News no longer belongs to corporations.
Screen grab from LiveJournal.com
Wiki-news, not mere citizen journalism, rolled out the news of yesterday's horrorific shootings at Virginia Tech University. Information came not only from degree-holding arbiters of What's News, but from folks literally in the line of fire.
The Roanoke Times disdained using the traditional format for the story, instead opting for moment-by-moment blogging by several reporters. AP producers and reporters jumped online to use Facebook, blogs, Xangas, and email to find student sources for their stories, like Mr. Resnick from Washington (right).
Jamal Albarghouti's cell phone video wasn't the only submission from wiki-reporters, though. CNN had about 100 additional content submissions—video, photos, and enough heresay to worry any newspaper's lawyer. (For example, some folks quickly misidentified an innocent but "Asian" student and vilified him online before the alleged culprit, South Korean student Cho Seung-Hui, was named.)
Albarghouti's original, uncut gunshot video.
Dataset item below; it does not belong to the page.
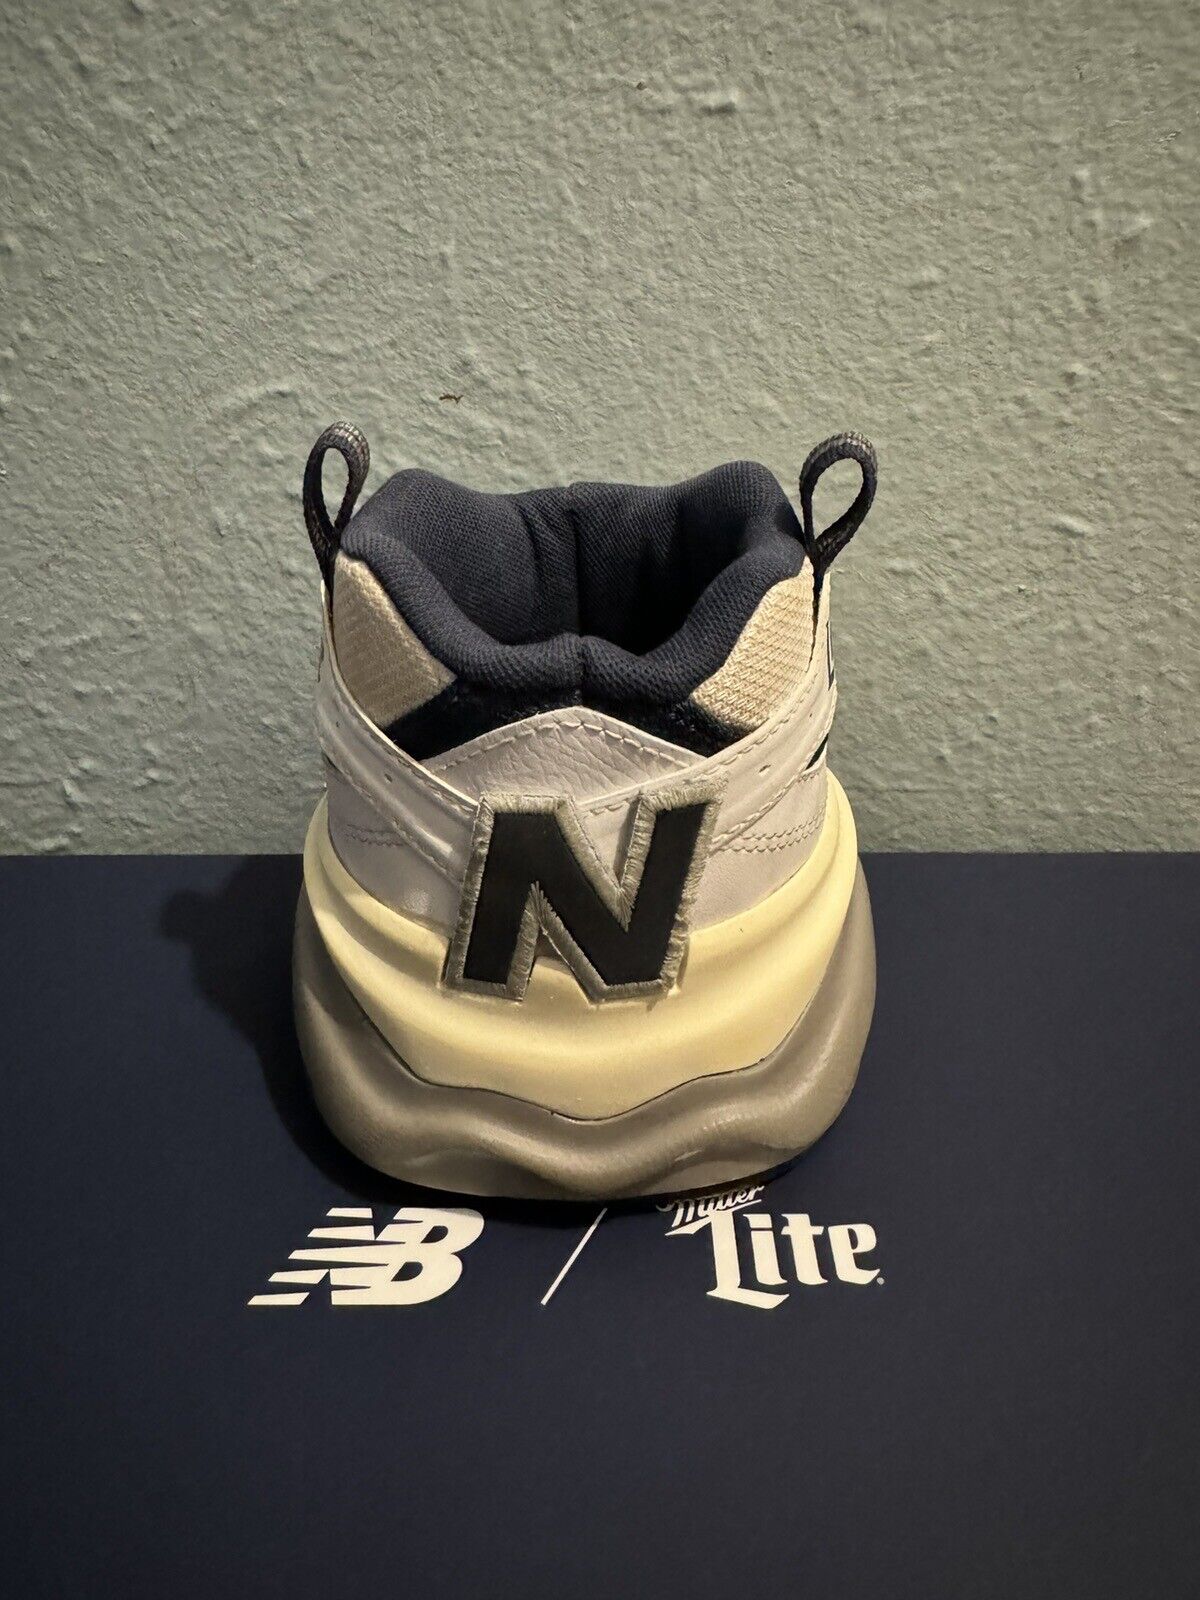 New Balance x Miller Lite Shoezie - Limited 1/50 Father's Day Release

We saw mistakes and outright dumb speculation, it's true. We also saw as much information (or even more than) the official news gatekeepers at the scene provided. As a journalism student, I want to work to get the story right; but I also want as much information as possible. Wiki-news will allow some mistakes to slip through, but I'll let that bother me as soon as newspapers become mistake-free themselves.